The code that you have above is defining two resolvers that will handle the logic associated with the createAuthor and createPost mutations. I.E. the code in the createPost resolver is what will be run when I issue a query like this:
mutation CreatePost($post: CreatePostInput!) {
createPost(input: $post) {
id
title
tags
text
}
}
The GraphQL runtime parses the query and routes the operation to the correct resolver depending on the content of the query. In this example, it would see that I am calling the createPost mutation and would make sure to call the createPost resolver which in your case looks like this:
createPost: (root, { authorId, tags, title, text }) => {
return Author.findOne({ where: { id: authorId } }).then( (author) => {
console.log('found', author);
return author.createPost( { tags: tags.join(','), title, text });
});
},
To understand how a resolver works, let's look at the GraphQLFieldResovler type definition from graphql-js
export type GraphQLFieldResolver<TSource, TContext> = (
source: TSource,
args: { [argName: string]: any },
context: TContext,
info: GraphQLResolveInfo
) => mixed;
As you can see a GraphQLFieldResolver is a function that takes 4 arguments.
source: The source is the parent object of the current field. For example if you were defining a resolver for a field fullName on the User type, the source would be the full user object.
args: The args are any input arguments for that resolver. In my query above it would contain the value of the $post variable.
context: Context is a global context for a GraphQL execution. This is useful for passing information around that a resolver might need. For example, you include a database connection that you can use from your resolvers without importing it in every file.
info: The info object contains information about your GraphQL schema, the query, and other information such as the path to the current resolver being executed.
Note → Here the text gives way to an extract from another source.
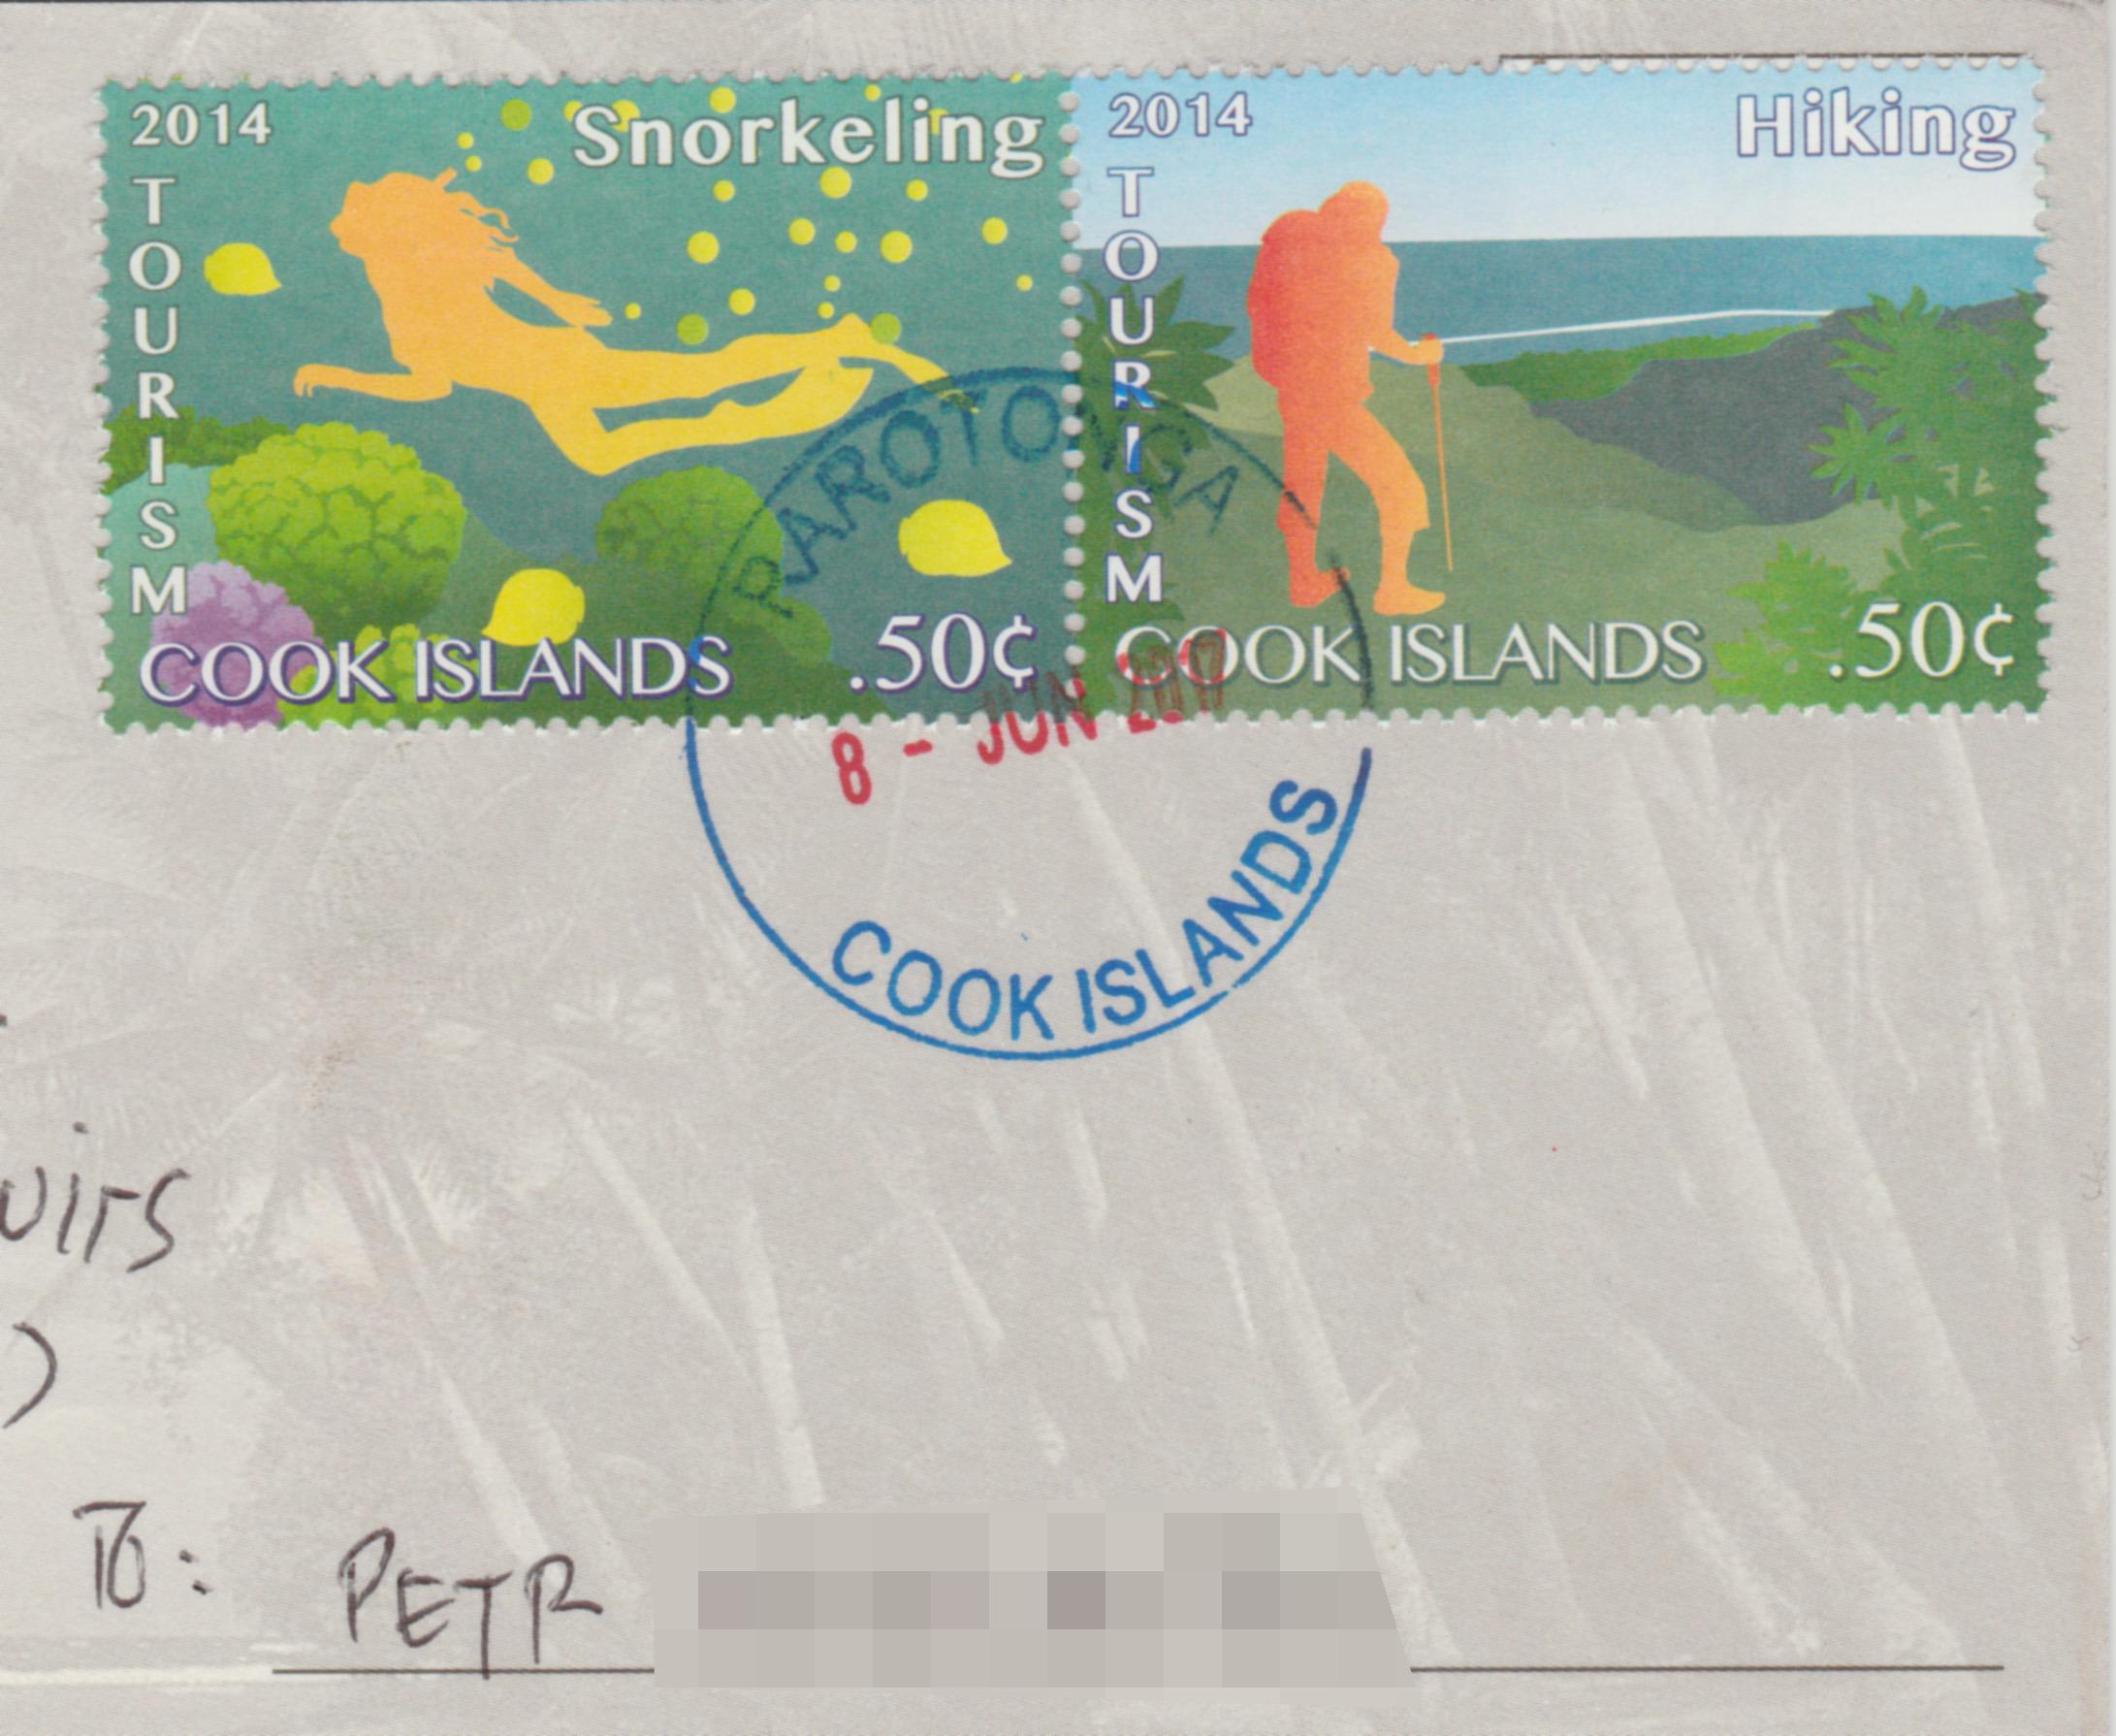 Cook islands quest 252 o pistoupen k velk britnii a do roku 1965 byly cookovy ostrovy soust novho zlandu a pot obdrely politickou autonomii m4hsunfo

This is useful in many ways. Here is one post talking about how you can use it to precompute queries: (https://scaphold.io/community/blog/querying-relational-data-with-graphql/)
This idea of having types and field resolvers is part of what makes GraphQL so powerful. Once you've defined you type system and the resolvers for their fields you can structure your schema however you want and GraphQL will always make sure to call the correct resolver no matter how deeply nested a query might be.